Постоим-помолчим. Что там скажут о нас – не беда!
Эту тихую ночь нам уже не забыть никогда.
И зарниц колыханье, и шорохи листьев в ночи,
И смешную деревню с названием – Скрипачи…
* * *
Степь черна. Без края, без предела.
К вечеру и небо почернело.
И казалось: прямо из земли
Тучи черноземные ползли.
Излучают лужи чёрный свет.
Чёрный трактор тащит чёрный след.
В чёрных колках галок новоселье.
Чёрный цвет – рабочий цвет весенний.
Память
У человека руки болят.
Руки, сжимавшие автомат.
Человек стоит в кабинете врача.
Каждый рукав пустой до плеча.
Человек поднимает измученный взгляд:
– Доктор, руки мои болят!
И снова в глазах его сполохи боя…
Врач в карточку пишет: «Фантомные боли».
И молча от стола отступает назад
Мужчина седой, как белый халат.
А боль всё сочится, не стихая ничуть.
Как хочется на горящие пальцы подуть!
Врач молчит. Врач устало глядит в окно.
А за окном толпа гудит у кино.
И вечер, и падает лёгкий снег
На шляпы, на плечи, на женский смех.
/Уже позабыли люди войну…
Разве им это поставишь в вину?/
Но руки, сжимавшие автомат,
У человека – болят.
Колобок
Вот и луг в сто га.
На лугу – стога.
Я на сене лежу,
На ноге – нога.
А за лугом река,
А в реке облака.
По течению плывут,
Колеблясь слегка.
Я от города ушёл,
От тебя, любовь, ушёл.
Я смеюсь, я твержу:
Ах, как мне хорошо!
И сверкание дня,
И ромашки у пня…
И ромашки у пня!
Не глаза ли твои рыжие
Всё глядят на меня?
Начинающие
Мы пишем стихи. Мы в редакции ходим.
И споры заводим. И в спорах выводим,
Чтоб жить, как хотелось, писать, что хотелось…

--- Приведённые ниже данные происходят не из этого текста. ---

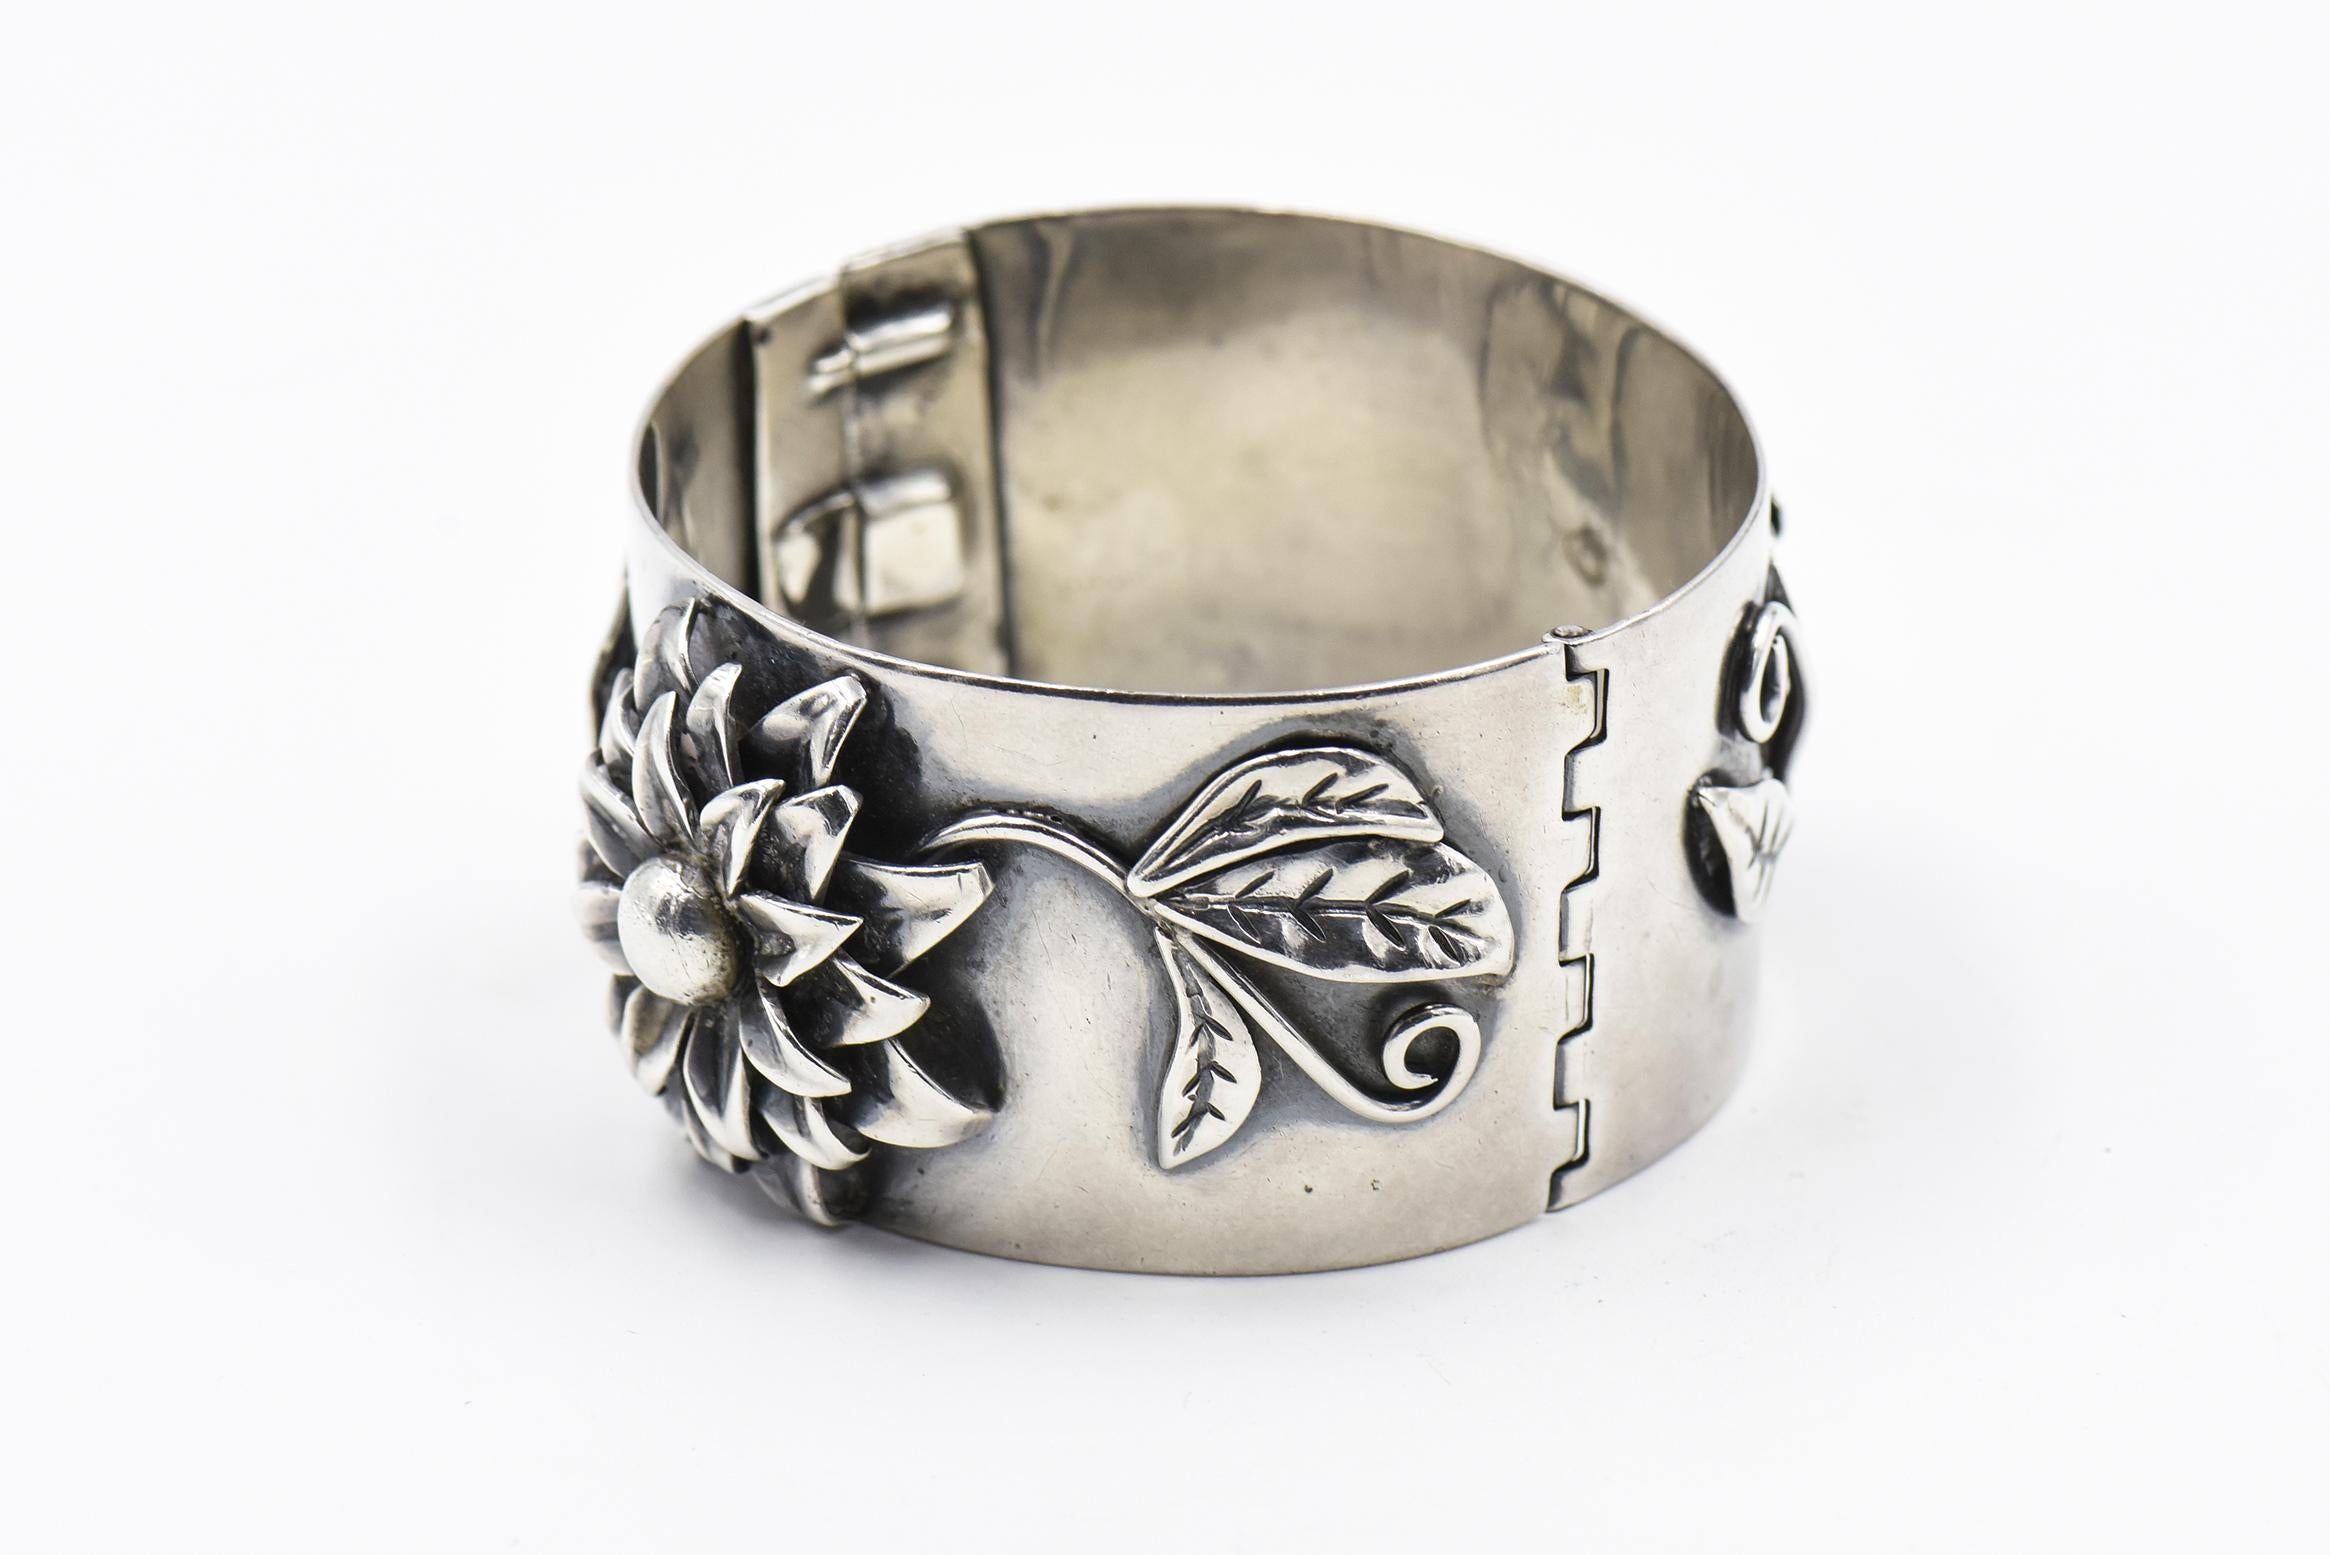 Handwrought sterling silver flower bangle by Heidi. Open by pulling open tab then lifting lever.  It has a safety chain also.  Marked sterling and signed by Heidi

Interior circumference 6.5

Но в этом ли смелость? И это ли зрелость?
И в том ли мы ищем ценность и цельность,
Чтоб жизнь отражать, как погоду Цельсий?
Мол, там разберут: хорошо или плохо.
А рядом – ревёт беспощадно эпоха.
И старые догмы рвутся на части.
Как хочется нежности всё чаще и чаще!